Gauteng govt to restore abandoned buildings

MEC says rehabilitated properties will be used for rental and subsidised housing

Jeanette Chabalala Senior Reporter
MEC Tasneem Motara during the Human Settlements 2024/2025
MEC Tasneem Motara during the Human Settlements 2024/2025
Image: Lubabalo Lesolle

The Gauteng department of human settlements is looking into rehabilitating old, abandoned, invaded, and dilapidated buildings in the province's inner cities.

MEC Tasneem Motara revealed this during her budget speech vote delivered at the Gauteng legislature on Wednesday.

Motara said the buildings would be used for rental or subsidised housing. Occupiers of hijacked buildings in the Joburg CBD who qualify for subsidised or nonsubsidised housing will be catered for, Motara said.

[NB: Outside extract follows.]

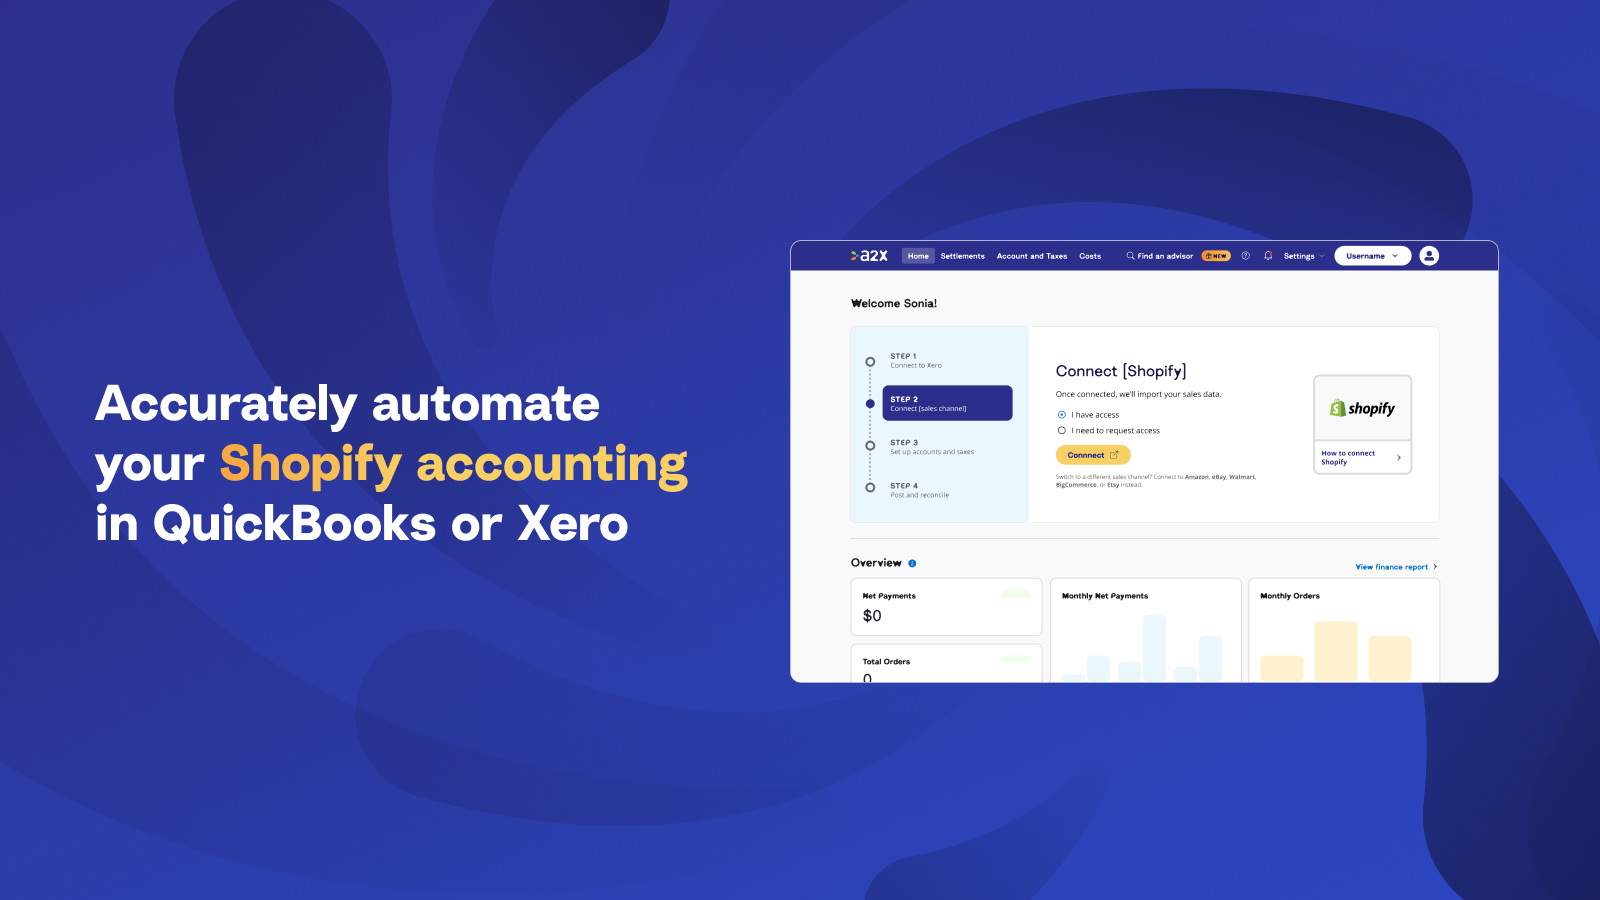 Syncs Shopify (and others) into QuickBooks, Xero, or Sage

“We have to enter into a legal agreement with the City of Joburg or the property company, depending on who owns the property. We have very few properties that we own as provincial government in the precinct. But those that we do [own] will be fully rehabilitated for either rental stock or fully subsidised housing,” she said. 

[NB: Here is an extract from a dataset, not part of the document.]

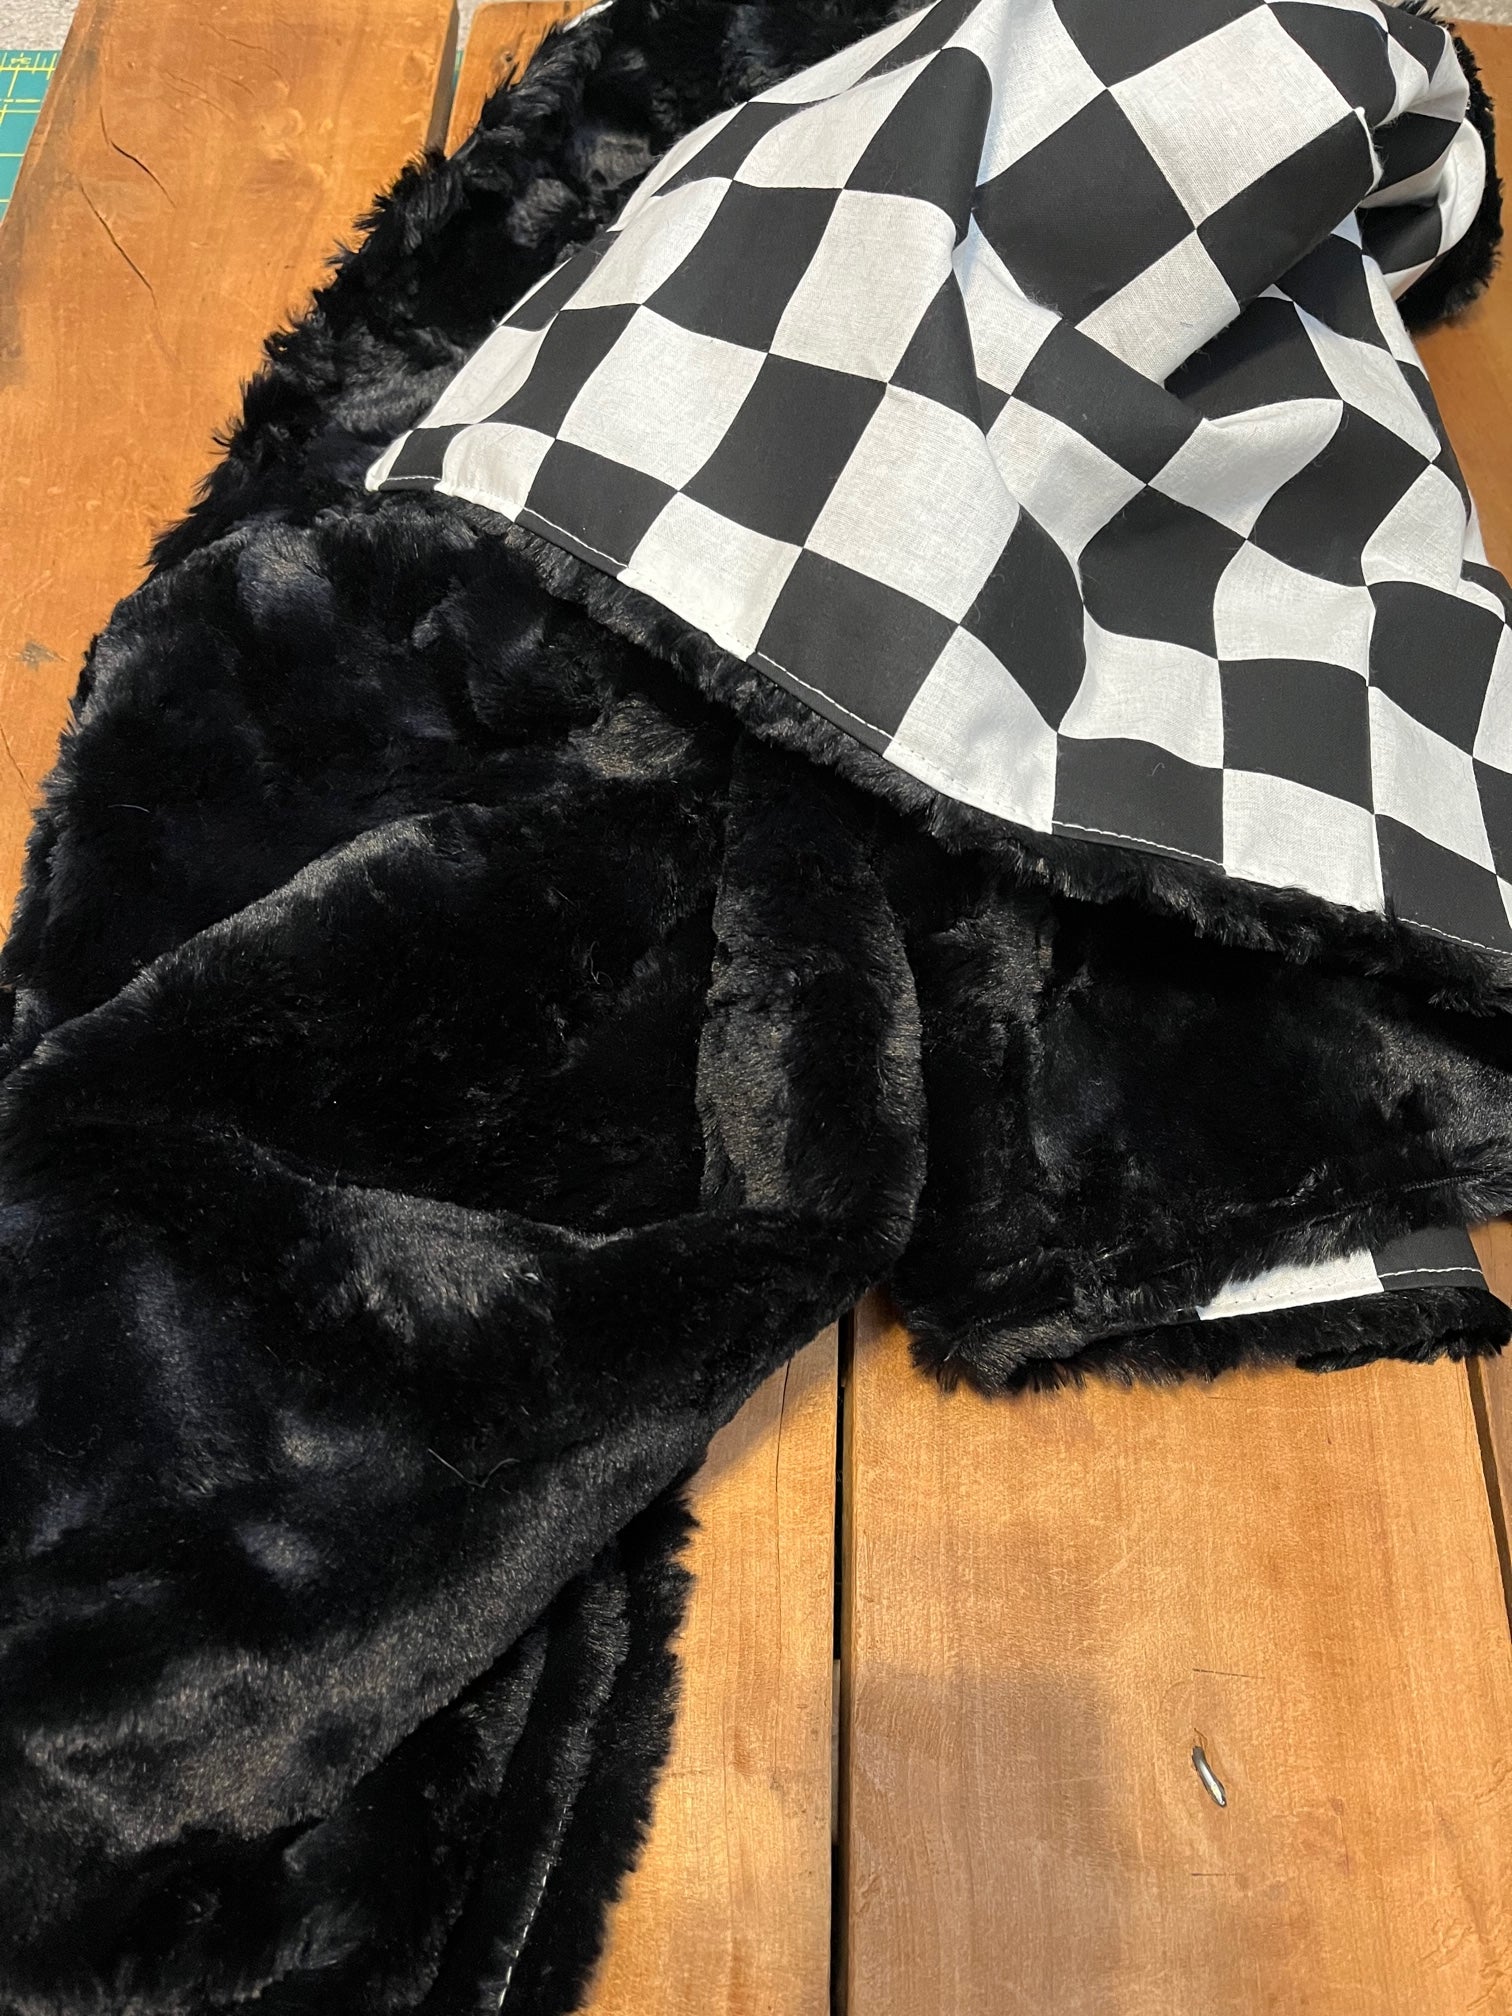 shown with cotton racing check and black fur minky fabric. Limited quanitites of the fur.

Motara also said housing allocation would be prioritised and would be the 1996-1999 applicants, people with disabilities, child-headed households, and military veterans.

“The elimination of the title deeds backlog will continue to receive priority as evidenced by the robust actions we are taking to register outstanding title deeds. We will be focusing on fast-tracking the registration and transfer of subsidy homes and issuance of title deeds to households. Land and housing ownership are critical elements in winning the battle against the asset poverty of poor households.”

The revitalisation of the CBD is also one of the priorities of the seventh administration in the province according to Motara.

Her department will drive this effort through the resuscitation of dilapidated buildings and infrastructure within our inner cities, she said.

That would be done in partnership with the department of cooperative governance and traditional affairs in the province, she said.

In January, the office of City of Joburg mayor Kabelo Gwamanda said it had obtained several court orders to evacuate occupants of unsafe buildings since the deadly fire at Usindiso Building in August 2023, where 77 people lost their lives.

The orders allowed the city to start a process of evacuating some of these buildings in the interest of the safety of the inhabitants. 

However, Motara said the reason the municipality has not carried out the eviction order is “perhaps the fact that there is no stock on hand to relocate them”.

Earlier this month, residents living in hijacked buildings in the Joburg CBD told Sowetan that they were grateful that they live there as they don’t pay rent, because they have little money to even think about rent and services that many other people have to pay for.